Ma substance noire

tzsara

« Le corps a ses pressentiments, ses coups de poing et ses diarrhées verbales. Ce matin, mon corps déraille. Les mots se tordent dans mon ventre abject, me transpercent les tripes et s’éjectent. Ils sont aussi mous qu’un caprice d’enfant. Aujourd’hui, tu vas parler. »

Il est un temps où l’esprit perd ses pédales et où, au travers d’un baiser tordu, le cœur s’emballe pour un triste faux bond. Assise, seule, au milieu des îlots de cendres, la main frémissante et une cigarette à demi-morte, je sirote froidement ma substance noire. Je soulève mes lunettes obscures et je passe de l’autre côté de l’ombre. Tu es là ; sculpture taillée d’ivoire, tragique et impassible. Le goût de l’asphalte scintillé et le parfum secret des dessous de Paris me tripotent le ventre.

Quand l’amertume porte un nom ; elle tue. Je suis une femme sans train qui porte l’anagramme de tes yeux. La tristesse me fait du mal et me tue à coups de massue. Mes poils se dressent et les mots, soûls, s’échappent de mes pores peureux. Mon livre noir s’écrit avec des lettres agonisantes. Au bout des mots, les lettres n’ont plus de sens et à croire mes mots, d’autres peuvent très bien porter ton nom. Pourquoi donc ne portent-elles pas toutes ton malheureux visage et pourquoi ? Pourquoi diable, je ne les aime pas autant ? Redonne-moi cet espoir qui a fait que je te voie autrement.

Ma langue avale ses mots : amèrement et sans rancune. Elle balbutie des mots sauvages dont la grammaire n’y comprend mot. Ma langue te veut : passionnément, tragiquement. Elle se perd à trop te vouloir et gigote comme un torchon, tous les soirs, à la certitude qu’elle ne t’aura jamais. Moi ! Moi, je pleure, de passion ou d’ingratitude. Je pleure fidèlement tous les soirs à l’idée qu’on est deux à te vouloir. Laisse-moi pleurer mon vin et l’alcôve de mes yeux.

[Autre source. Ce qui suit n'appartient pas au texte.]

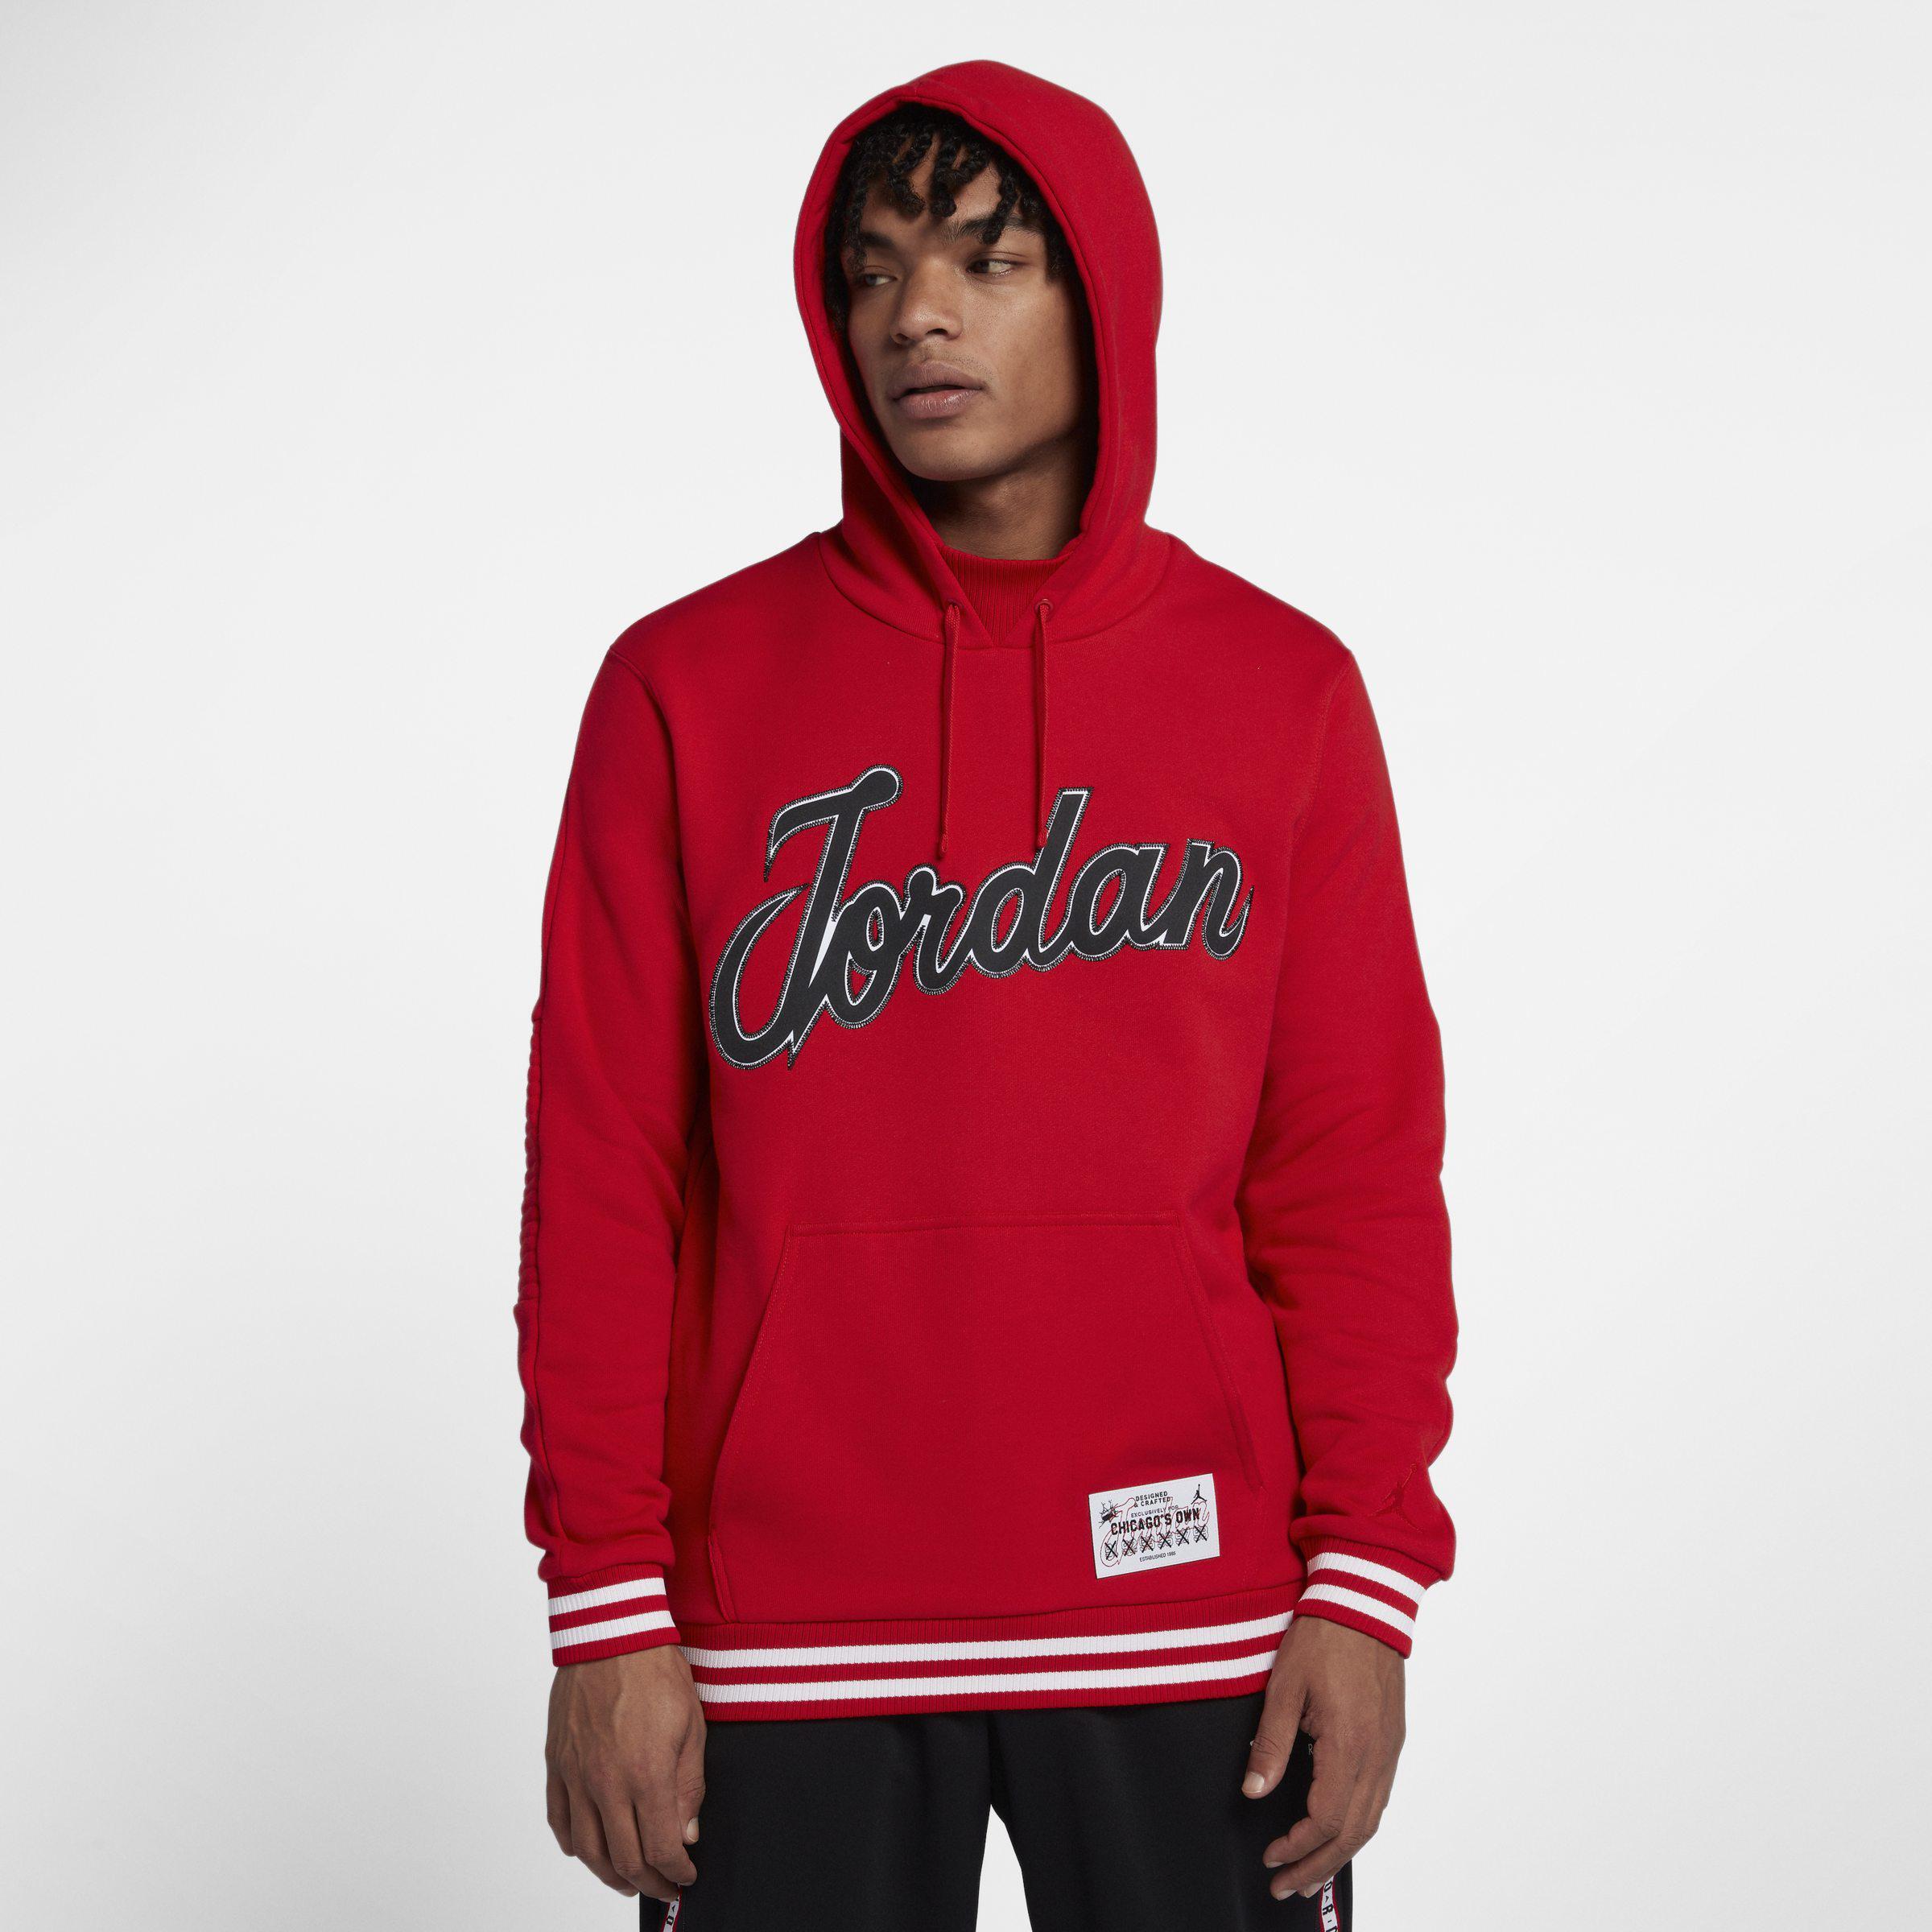 cbc8cbb5ce66 Nike Jordan Sportswear Hockey Pullover Hoodie in Red for Men - Lyst

Quand la désillusion s’achète un manteau de vent, elle se fait aussi belle qu’un instant perdu. Quand mes yeux perdent leur livre ; ils sont aussi vides qu’un vison de cuivre. Tu t’effrites au rythme insoutenable des mots qui s’enfuient. Tout va très vite, et je m’essouffle. Quand l’amour est grand, il m’échappe des trous des yeux. Je te marque à l’encre du sang. Et je m’en vais, trainer ton ombre dans le noir. Les Dieux, du haut de leurs estrades, se moquent de moi. Ils ricanent. Et je pleure. Ils me font payer les pots fracassés de leurs éjaculations à demi-mortes. Et je suis la putain d’aujourd’hui. Et je me hais ; froidement, passionnément à en saigner du trou du cul.